CFSI produced feature films and short films for children in various languages of India. It organised subsidised shows and distributed film prints. In the last 52 years CFSI had made 114 feature films, 45 short animations, 9 puppet films, as well as 52 short documentaries and news magazines. CFSI also organised an International Children's Film Festival held every alternate year in India.

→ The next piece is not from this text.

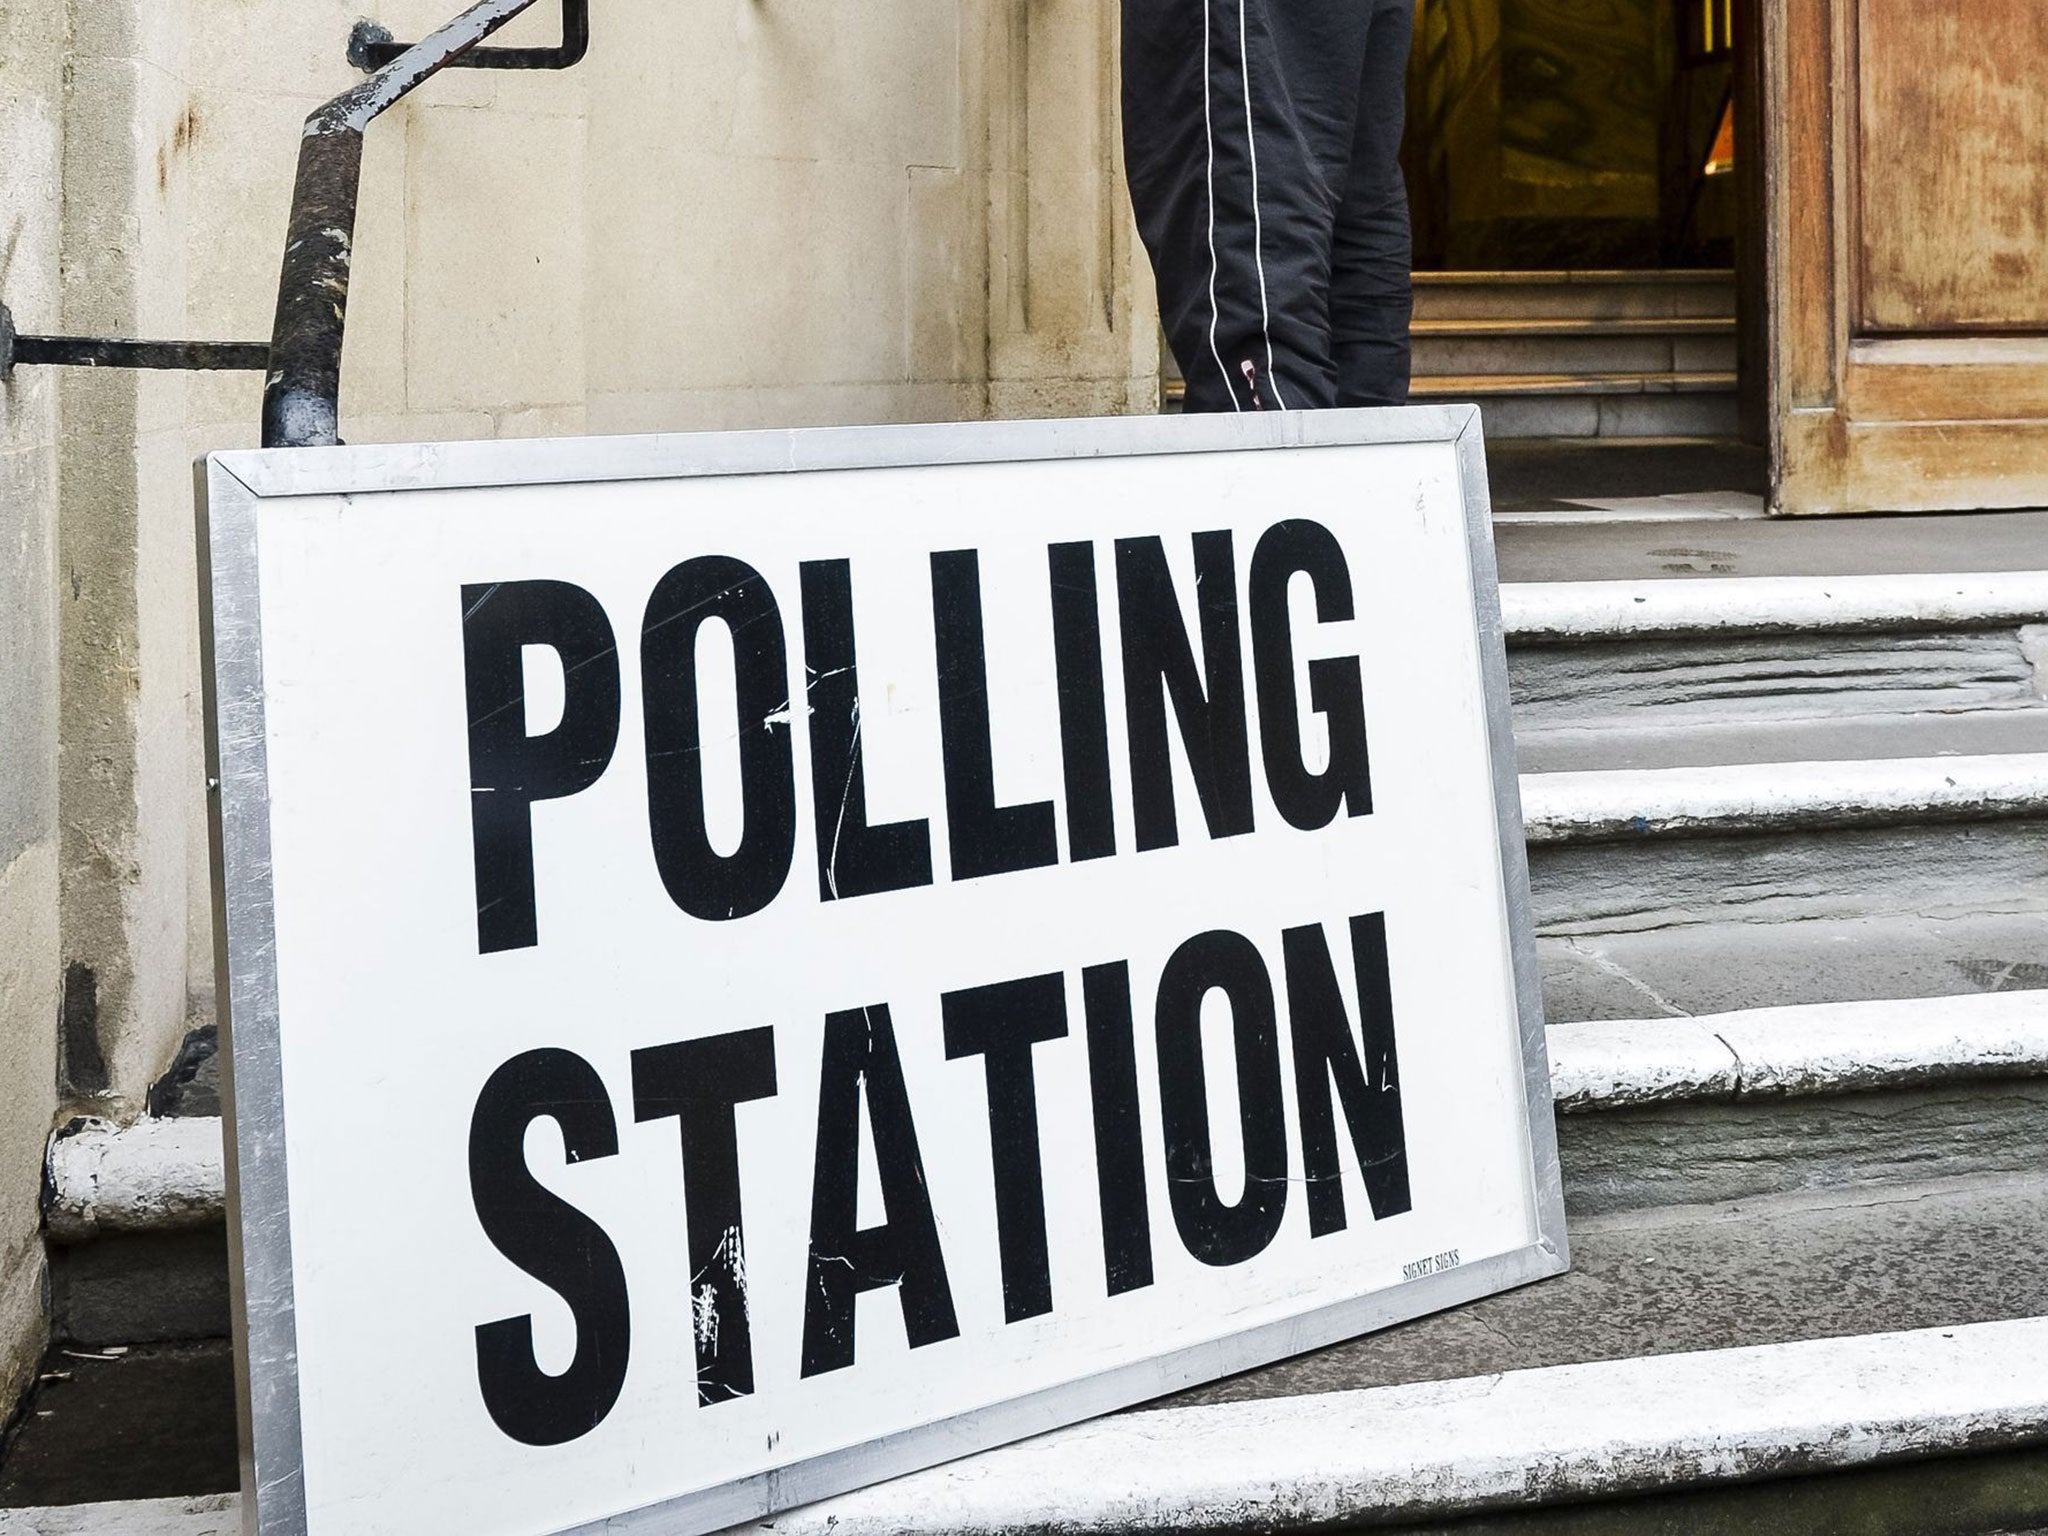 Polling stations will be open on the day of the election from 7am until 10pm

The films produced by CFSI had participated in many film festivals all over the world and had won many awards.

==Selected filmography==

| Year | Title | Notes |
|---|---|---|
| 1956 | Jaldeep | Hindi film, First CFSI film |
| 1962 | Bapu Ne Kaha Tha | Hindi Film |
| 1965 | Jaise Ko Taisa | Hindi Film |
| 1975 | Charandas Chor | Hindi film |
| 1978 | Ganga Bhavani | Telugu Film, Nandi Award for Second Best Children Film |
| 1991 | Potli Baba Ki | (TV puppet series) |
| 1996 | Halo | Hindi film, National Film Award for Best Children's Film, Filmfare Critics Award for Best Movie |
| 2002 | Baaja | Hindi film |
| 2003 | Heda Hoda (The Blind Camel) | Hindi film, Silver Elephant Award – 13th International Children's Film festival, Hyderabad – India – 2003. 2nd Prize – Vancouver Film Festival – Canada – 2004, Opening Film – Hamburg Film Festival – Germany – 2004, Silver Awards – La Matatena Film Festival – Mexico – 2004, Special Mention – Cine Jeune De Laon film Festival – France – 2004, Silver Awards – Cairo Film Festival – Egypt – 2005, Bronze Remi Award – Worldfest Film Festival – USA – 2005, Indian Panorama – International Film festival, Goa – India – 2005, My favorite Film Award – Ningbo Shanghai Film Festival – China – 2005. |
| 2006 | Lilkee | Hindi film |
| 2007 | Mahek | Hindi film |
| 2007 | Amoolyam | Telugu Film, Nandi Award for Best Children Film |
| 2007 | Manpasand – the Perfect Match | Animation Film, Gold Remi Award, 41st World Fest Houston USA 2008, Bronze World Medal 2008 New York Film Festival, USA, Indian Documentary Producers' Association, IDPA, India Silver Award 2008, Diploma Prix Danube Award Bratislava, Slovakia 2008 |
| 2009 | Putaani Party | Kannada film, National Film Award for Best Children's Film |
| 2009 | Harun-Arun | Gujarati film |
| 2011 | Gattu | Special Mention at 62nd Berlin International Film Festival |

==See also==
- National Film Development Corporation of India (NFDC)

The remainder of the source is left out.